Menurut bahasa Al-Sunnah artinya jalan hidup yang dibiasakan terkadang jalan tersebut ada yang baik dan
ada pula yang buruk. Pengertian Al-Sunnah seperti ini sejalan dengan makna hadis Nabi yang artinya : Barang
siapa yang membuat sunnah (kebiasaan) yang terpuji, maka pahala bagi yang membuat sunnah itu dan pahala
bagi orang yang mengerjakanny; dan barang siapa yang membuat sunnah yang buruk, maka dosa bagi yang
membuat sunnah yang buruk itu dan dosa bagi orang yang mengerjakannya.
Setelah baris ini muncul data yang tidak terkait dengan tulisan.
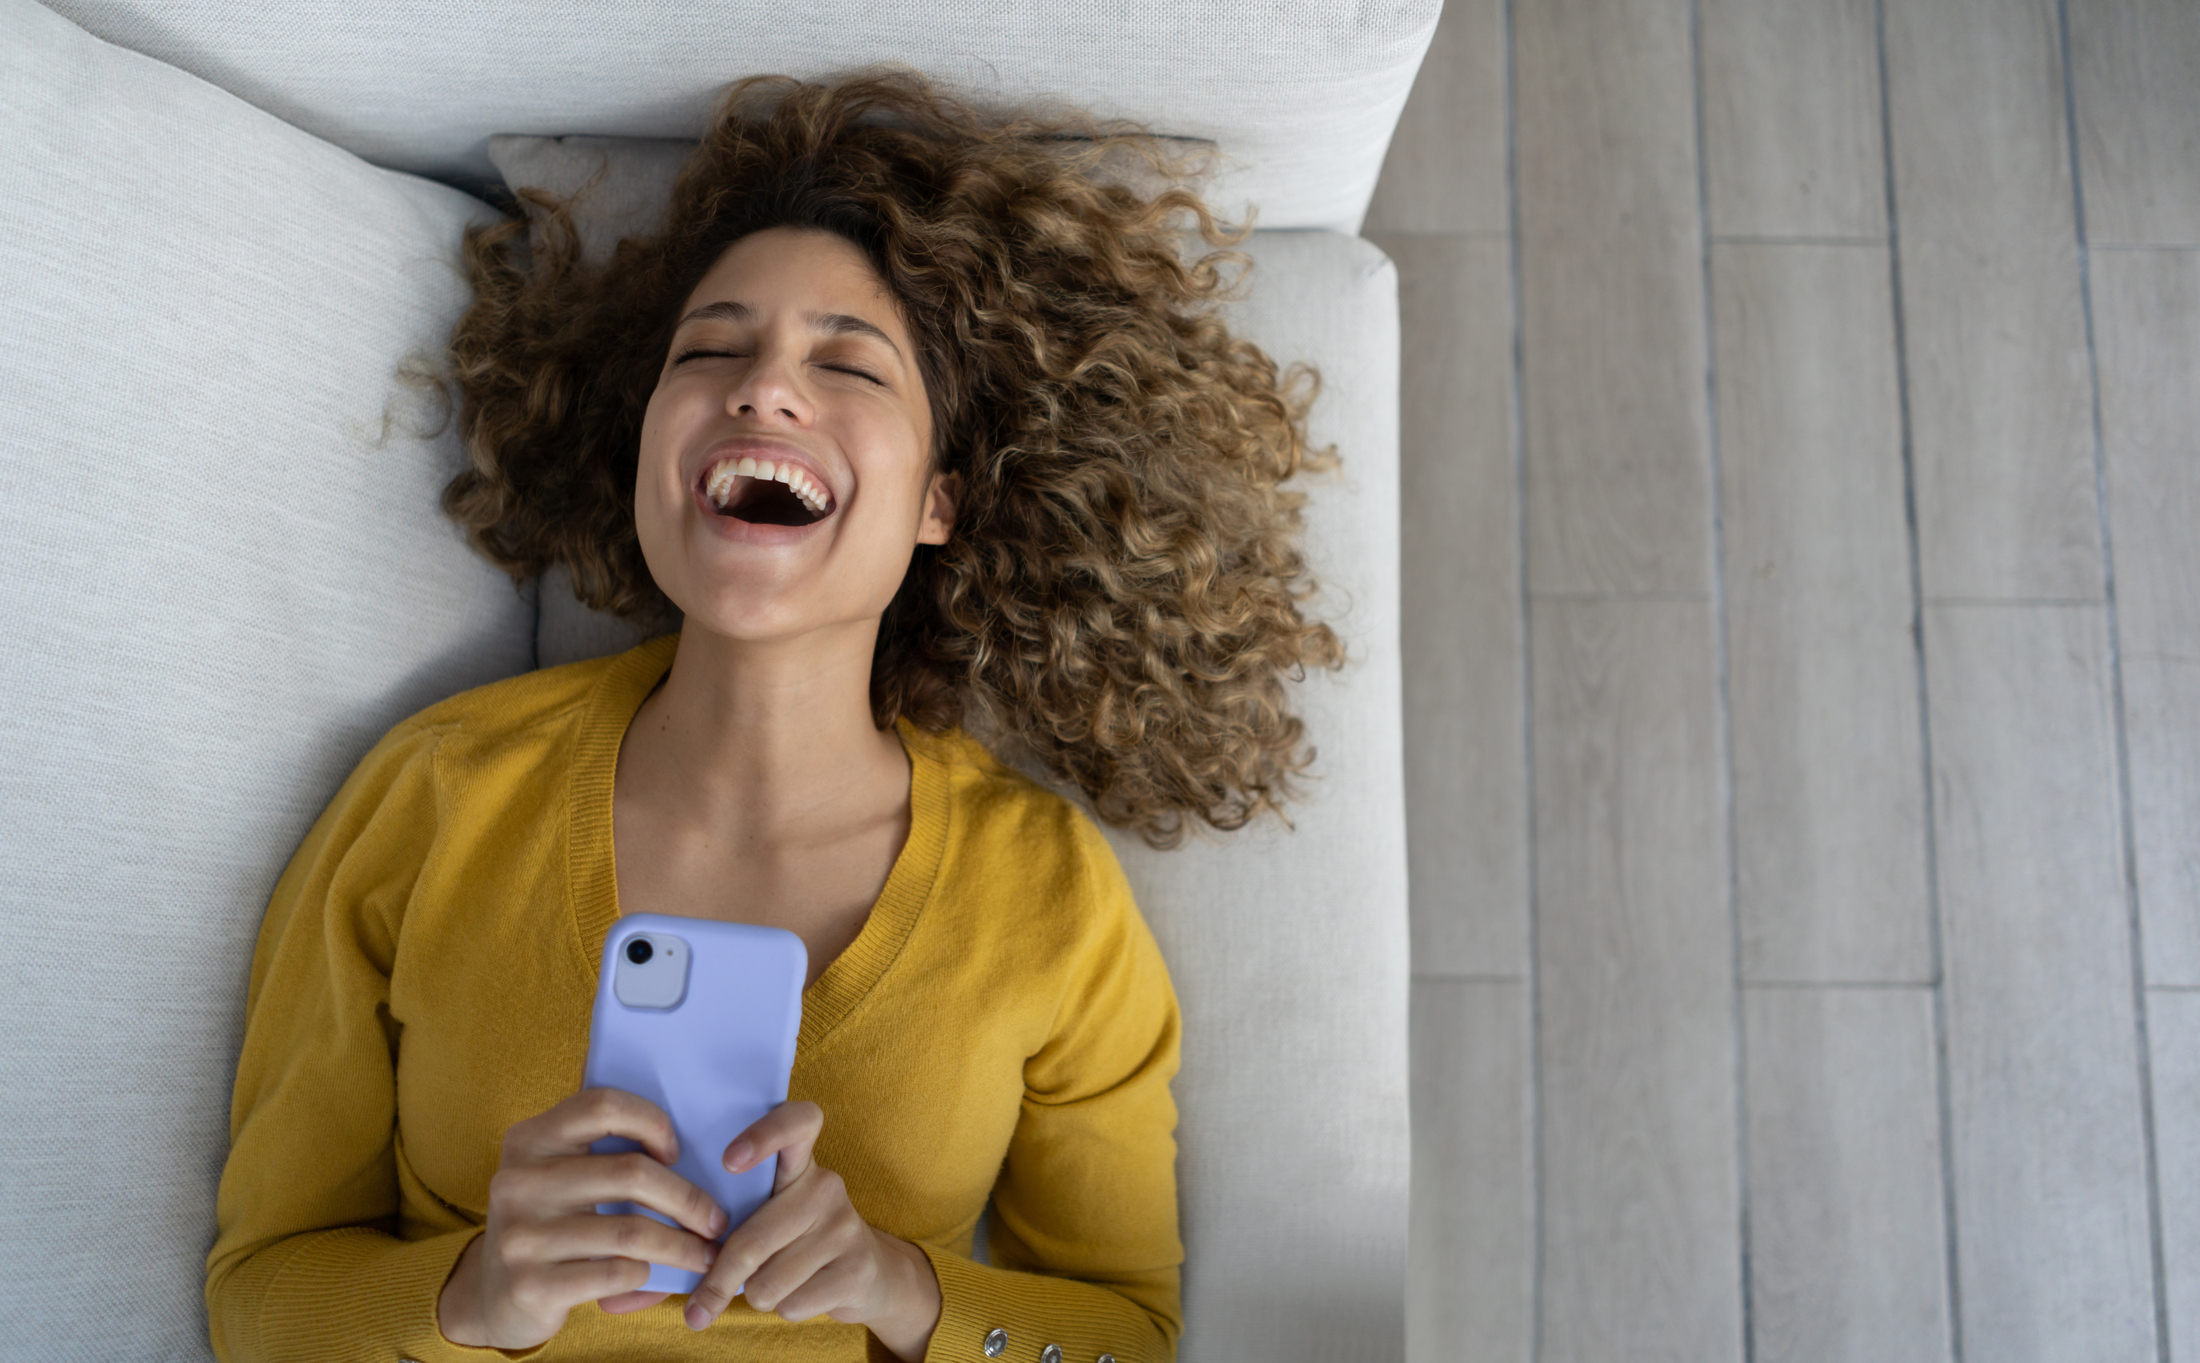 Woman laughing after watching something funny on her cell phone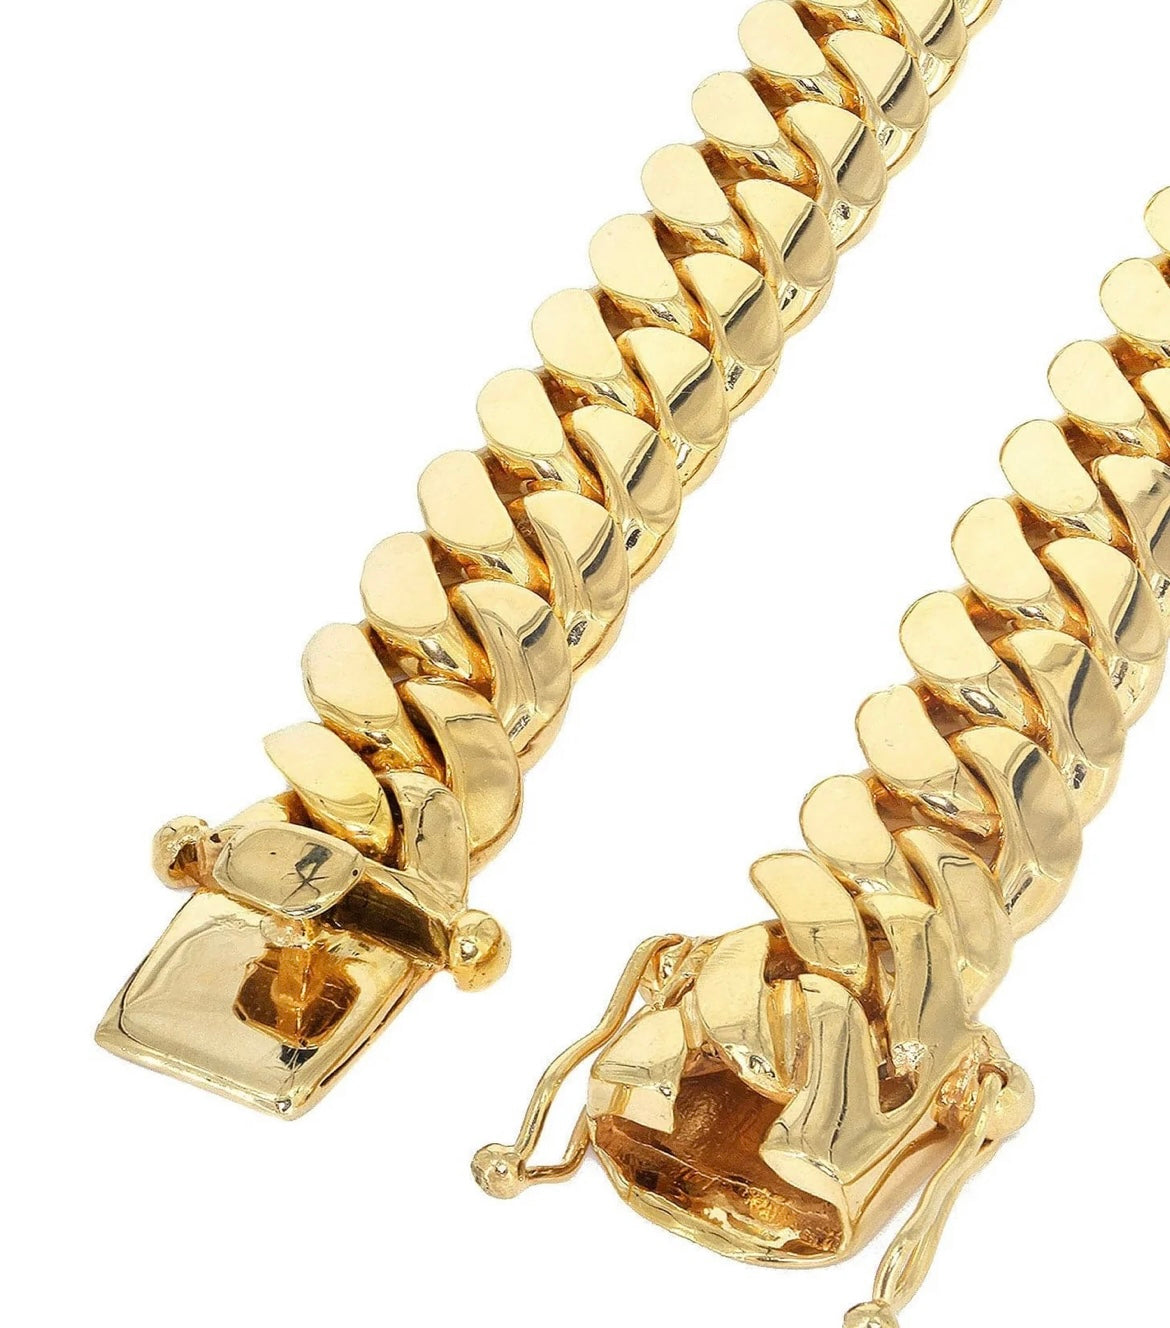 Miami Cuban Chain 15mm wide 22” long 10K yellow gold 237 grams   Comes in any length and any Karat.

Sementara itu Jumhurul Ulama atau kebanyakan para ulama ahli hadis mengartikan Al-Sunnah, Al-Hadis, AlKhabar dan Al-Atsar sama saja, yaitu segala sesuatu yang disandarkan kepada Nabi Muhammad Saw, baik
dalam bentuk ucapan, perbuatan maupun ketetapan. Sementara itu ulama Ushul mengartikan bahwa AlSunnah adalah sesuatu yang berasal dari Nabi Muhammad dalam bentuk ucapan, perbuatan dan persetujuan
beliau yang berkaitan dengan hukum.
Sebagai sumber ajaran Islam kedua, setelah Alquran, Al-Sunnah memiliki fungsi yang pada intinya sejalan
dengan alquran. Keberadaan Al-Sunnah tidak dapat dilepaskan dari adanya sebagian ayat Alquran :
1). Yang bersifat global (garis besar) yang memerlukan perincian;
2). Yang bersifat umum (menyeluruh) yang menghendaki pengecualian;
3). Yang bersifat mutlak (tanpa batas) yang menghendaki pembatasan; dan ada pula
4). Isyarat Alquran yang mengandung makna lebih dari satu (musytarak) yang menghendaki
penetapan makna yang akan dipakai dari dua makna tersebut; bahkan terdapat sesuatu yang secara
khusus tidak dijumpai keterangannya di dalam Alquran yang selanjutnya diserahkan kepada hadis
nabi.
3. Ijtihad
Ijtihad, secara bahasa berasal dari kata jahada yang lebih bermakna pekerjaan yang dilakukan lebih dari biasa,
sulit dilaksanakan, atau yang kurang disenangi. Persoalan yang tidak dapat diabaikan dalam melakukan ijtihad
adalah terpenuhinya syarat-syarat ijtihad. Dalam hal ini para ulama berbeda pendapat dalam menentukan
syarat-syarat ijtihad sebagai mujtahid (orang mampu melakukan ijtihad melalui cara istinbath dan tathbiq).
Istinbath ialah mengeluarkan hokum dari hokum sumber syariat sedangkan tahbiq ialah penerapan hokum.
Menurut Wahbah al-Zuhaili, hukum ijtihad adalah wajib ain, wajib kifayah, sunnah dan bahkan atau haram,
tergantung pada kapasitas orang yang bersangkutan.